The Wisdom Of Great Writers

Maria Popova compiles a remarkably eclectic “reading list” of all the advice on writing from famous authors she’s featured on Brain Pickings over the years, ranging from 19th century figures like Herbert Spencer to contemporary writers such as Mary Karr. Here’s an aphorism she includes from Kurt Vonnegut:

Write to please just one person. If you open a window and make love to the world, so to speak, your story will get pneumonia.

Choose Your Own Conclusion

S. Hope Mills spots a provocative passage from a recent Tim Parks essay about not finishing books:

To put a novel down before the end, then, is simply to acknowledge that for me its shape, its aesthetic quality, is in the weave of the plot and, with the best novels, in the meshing of the writing style with that weave. Style and plot, overall vision and local detail, fascinate together, in a perfect tangle. Once the structure has been set up and the narrative ball is rolling, the need for an end is just an unfortunate burden, an embarrassment, a deplorable closure of so much possibility.

Mills comments:

The idea of an ending as an “unfortunate burden” may be a bit dramatic, but the other idea, that a novel’s possibility doesn’t rest solely on the ending, is an interesting one. Engaging a good story, isn’t—and can’t be—a highly controlled experience. While we writers would like for readers to feel our sentences, interpret our characters and move through the story exactly as we intended, we can’t talk them through the experience page by page. We have to leave quite a lot in their hands. And frankly, when we’re on the other side, as readers, those are the stories we love best, the ones where we’re equipped and then trusted to figure things out for ourselves.

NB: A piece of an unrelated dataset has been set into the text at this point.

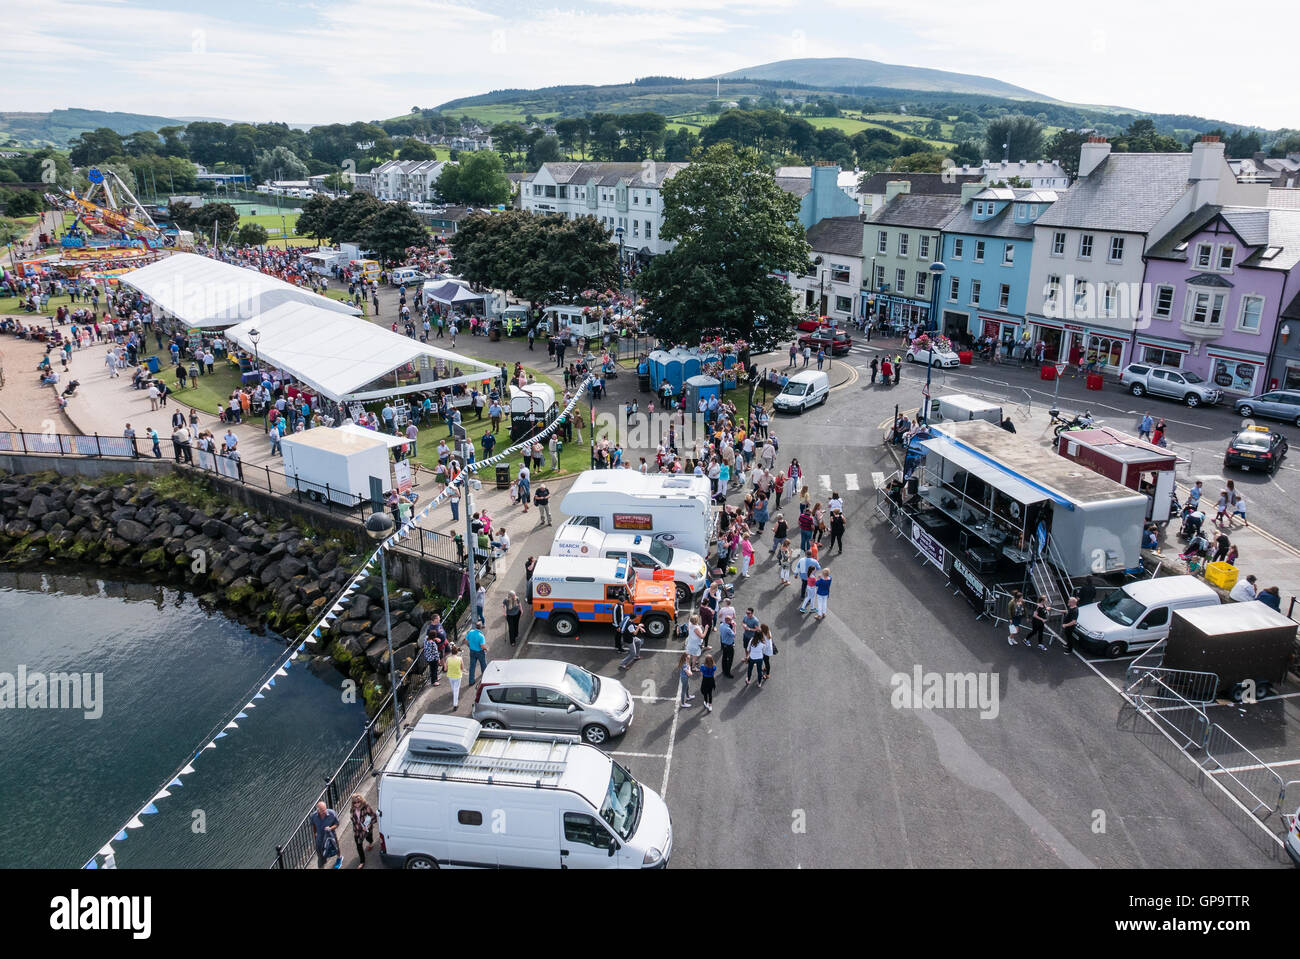 Crowds fill the streets of Ballycastle, during the annual Auld Lammas Fair, the oldest fair in the world. Stock Photo

When I think about what I’ve long loved about reading, it’s the different worlds that scoop me up, my senses fully engaged. The writer, of course, is my guide, but I still have a role to play, too—I’m interacting with the information that’s been given to me. That’s what makes the deepest reading experience. And because this is my story now, too, I might be ready for closure sooner than another reader, sooner even than the author.